Since the 1960s, variants have emerged and spread globally that are resistant to the majority of β-lactam antibiotics through the independent acquisitions of the staphylococcal cassette chromosome mec (SCCmec) (IWG-SSC, 2009. This combination of commensal carriage, antimicrobial resistance, and healthcare-associated infection opportunities (along with additional virulence factors) have led to MRSA becoming a leading cause of hospital-associated mortality and morbidity globally (GBD, 2024). Therefore, tracking and preventing MRSA outbreaks is a major priority for infection prevention and control (IPAC or IPC) within hospital settings especially within the NICU due to the vulnerability of immunocompromised preterm infants and the high frequency of invasive procedures. This has led to adoption of genomic epidemiological approaches to detect MRSA outbreaks and track transmission links not apparent from traditional approaches alone (Blane, 2024). These sort of outbreak investigations are generally led by the infection prevention & control (IPAC or IPC) team in a clinical setting or by the relevant public health team depending on the suspected infection source, geographic scale, and regional resource availability (e.g., Public Health Agency of Canada/Canadian Food Inspection Agency or provincial bodies like Public Health Ontario).

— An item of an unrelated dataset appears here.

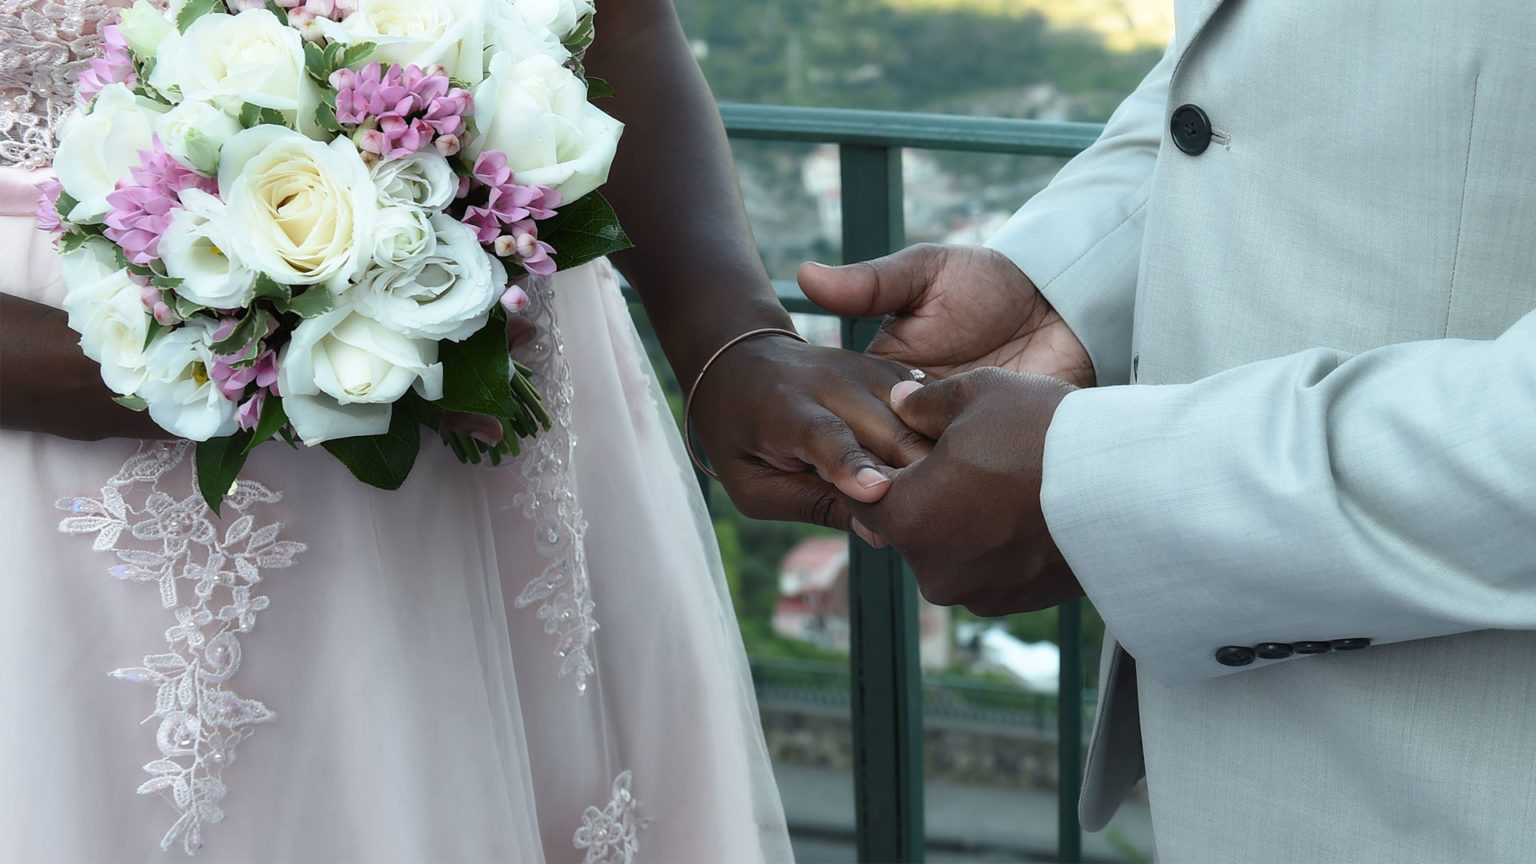 vows-renewal-happy-brides-wedding-planner-1536x864

Within the SCBU/NICU of Cambridge University Hopitals NHS Trust (and most hospitals) all inpatients are screened for MRSA carriage upon admission and once per week thereafter using culture-based or nucleic-acid based test. Specific IPAC policies and guidelines will determine criteria for initiating an outbreak investigation (e.g., a certain number of positive screens within a specific time and/or location).
Routine surveillance has identified that 3 infants within the SCBU/NICU (P11-P13) are positive for MRSA carriage at the same time. Isolates from these 3 infants have also been shown to have the same pattern of antibiotic resistances. The IPAC team has therefore been activated to further investigate this as a suspected outbreak in the SCBU/NICU at CUH. They have performed a systematic review of all MRSA isolates from the SCBU/NICU over the preceding 6-12 months and identified a series of overlapping MRSA carriages with this same set of resistances. Due to multi-week gaps in the positive SCBU/NICU isolates they have also collected potentially matching MRSA isolates from parents and the wider hospital/community. To gain better insight into this potential outbreak and identify which of these isolates are linked by direct transmission chains, CUH have sequenced these isolates using 150bp paired-end reads via an Illumina MiSeq platform.

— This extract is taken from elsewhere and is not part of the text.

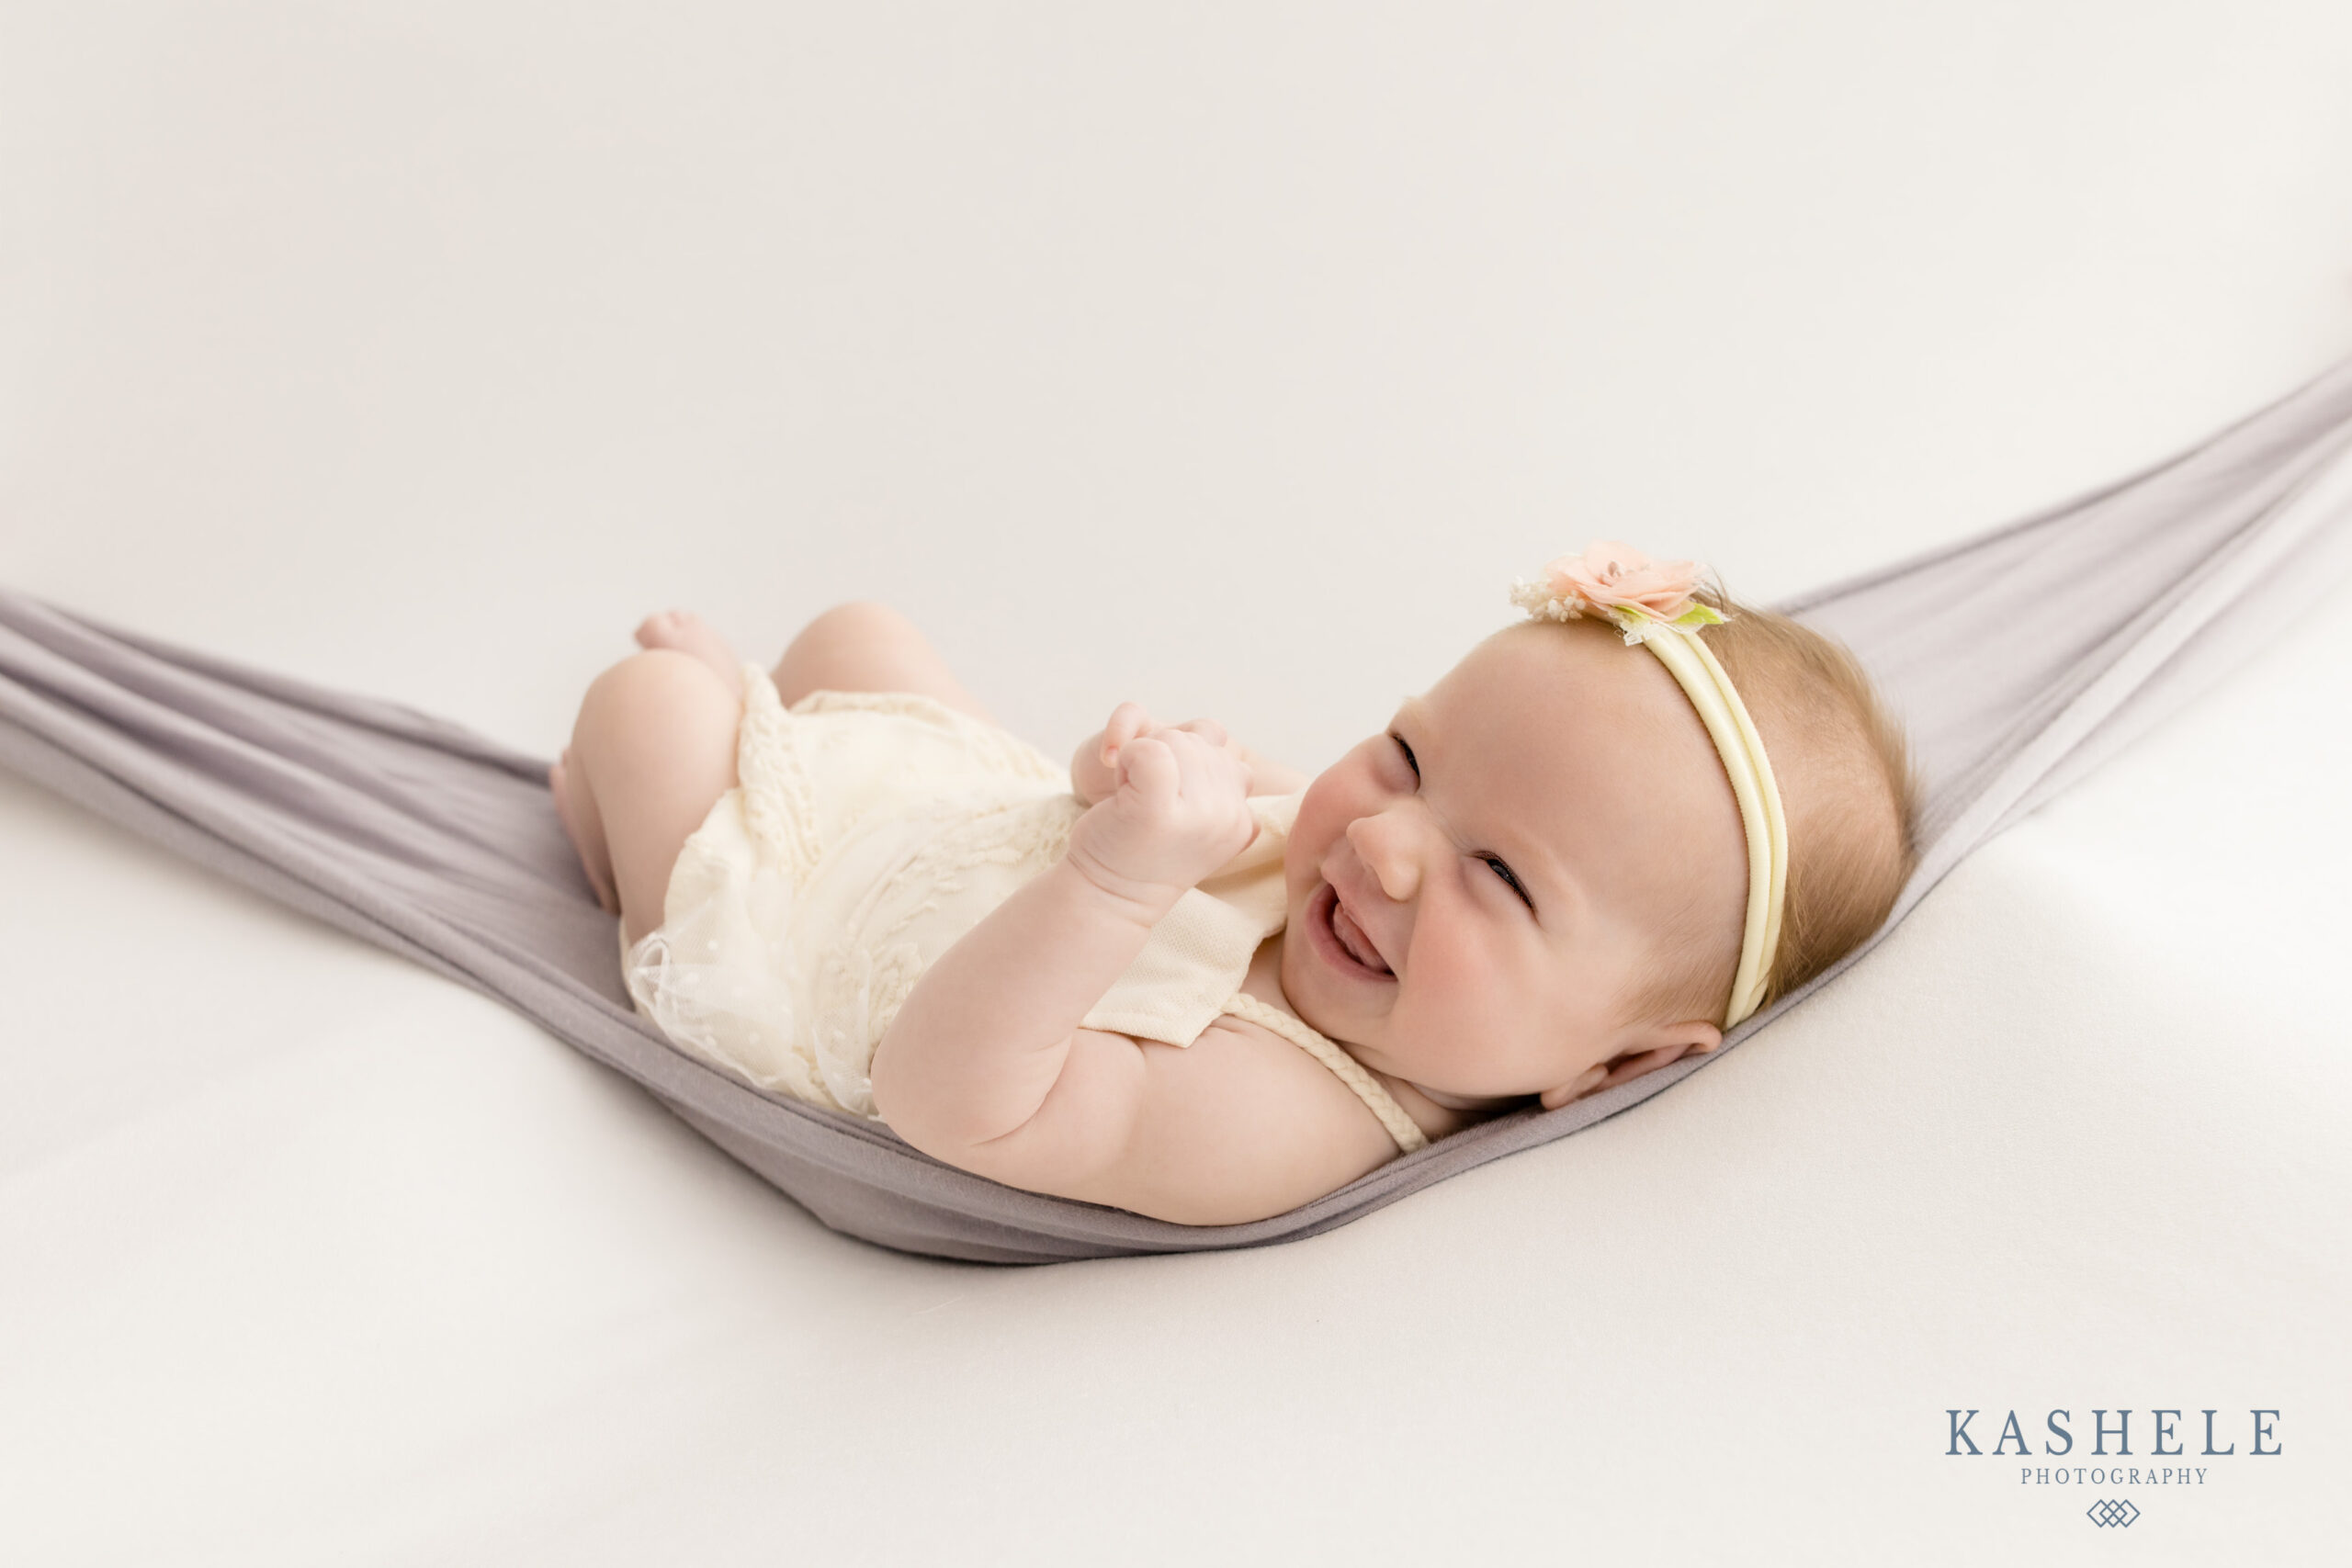 Newborn photoshoot Stock Photos, Royalty Free Newborn photoshoot Images |  Depositphotos

You are a clinical bioinformatician who has been asked to support the investigation and analyses these genomes
Set-Up
This lab practical will involve running the following software:
Note: Bioinformatics in Practice
Typically, most of these analyses would be run using a workflow such as bactopia that you are confident will reproducibly generate validated and verified outputs (ideally as part of your institution’s ISO15189 accreditation or equivalent). We will run the tools directly today so you get insight into what these workflows are actually doing!
Data
Using ssh connect to the provided analysis server instance:
Now create a folder in your ~/workspace and copy/link over the files you will need:
mkdir -p ~/workspace/module4
cd ~/workspace/module4
cp -r ~/CourseData/module4/contextual_data.csv ~/CourseData/module4/SASCBU26_reference.fna .
ln -s ~/CourseData/module4/assemblies .Note: Contextual Data ‘Interpolation’

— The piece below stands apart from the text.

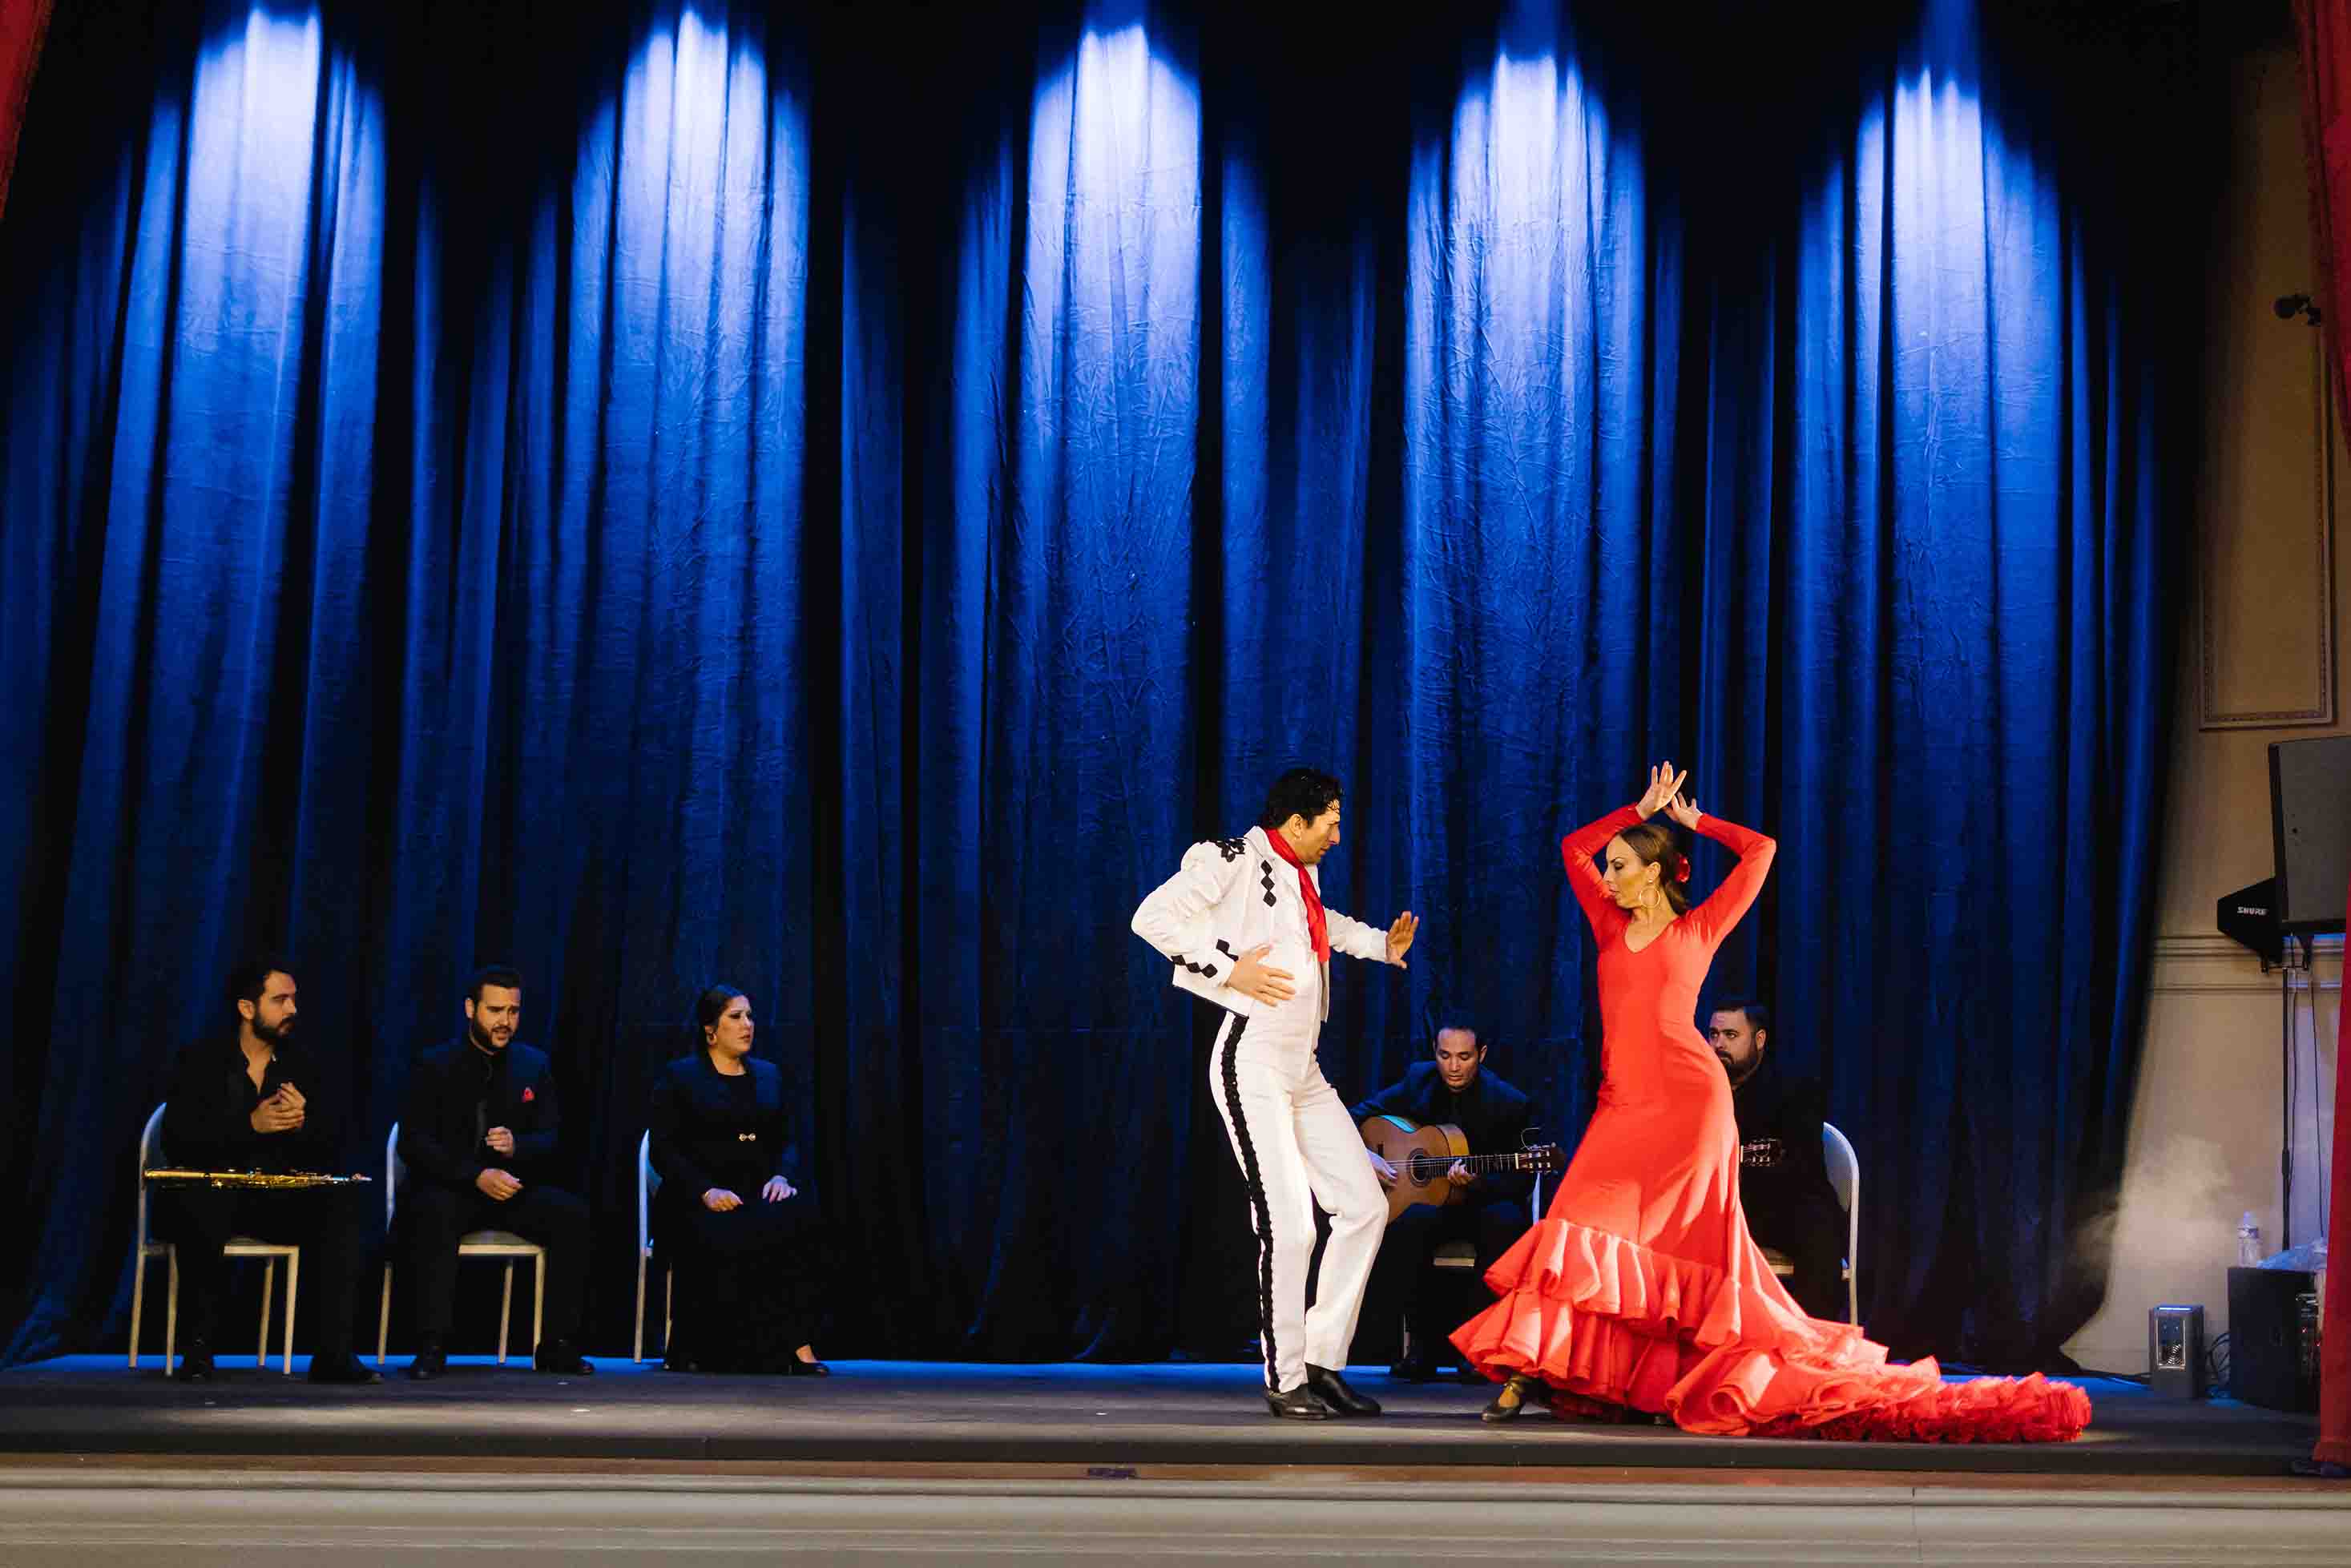 info-1 - Authentic Flamenco Ottawa: A Traditional Spanish Show

Specific collection dates were not available so have been inferred based on relative sampling gaps
When you are finished with these steps you should be inside your work directory ~/workspace/module4. You can verify this by running the command pwd.
s
Output after running pwd
You now see an assemblies/ folder in the current directory along with a contextual_metadata.tsv (all the contextual data needed for this analysis) and SASCBU26_reference.fna (the reference genome we will use later):
Output after running lss
Activate environment
Next we will activate the pre-installed conda environment, which will have all the tools needed by this tutorial pre-installed. To do this please run the following:
Commands
You should see the command-prompt (where you type commands) switch to include (outbreak) at the beginning, showing you are inside this environment. You should also be able to run the mlst command like mlst --version and see output:
Output after running mlst --version
Find your IP address
Similar to yesterday, we will want to either use the assigned hostname (e.g., xx.uhn-hpc.ca where xx is your instance number) or find the IP address of your machine on AWS so we can access some files from your machine on the web browser. To find your IP address you can run:
Commands
This should print a number like XX.XX.XX.XX. Once you have your address, try going to http://xx.uhn-hpc.ca or http://IP-ADDRESS and clicking the link for module4. This page will be referred to later to easily download/view some of our output files.
Cluster Identification
All isolates that are putatively linked to the outbreak have been done so on the basis of time, location, and phenotype (specifically antibiotic susceptibilities). However, just because 2 isolates have the same resistance pattern does not mean they are closely related. Although this is a relatively small set of isolates we are often evaluating very large numbers of genomes for their potential connection to an outbreak. Additionally, most downstream outbreak analyses (such as transmission inference) perform best when applied to as little diversity as possible (i.e., just genomes from a single outbreak event).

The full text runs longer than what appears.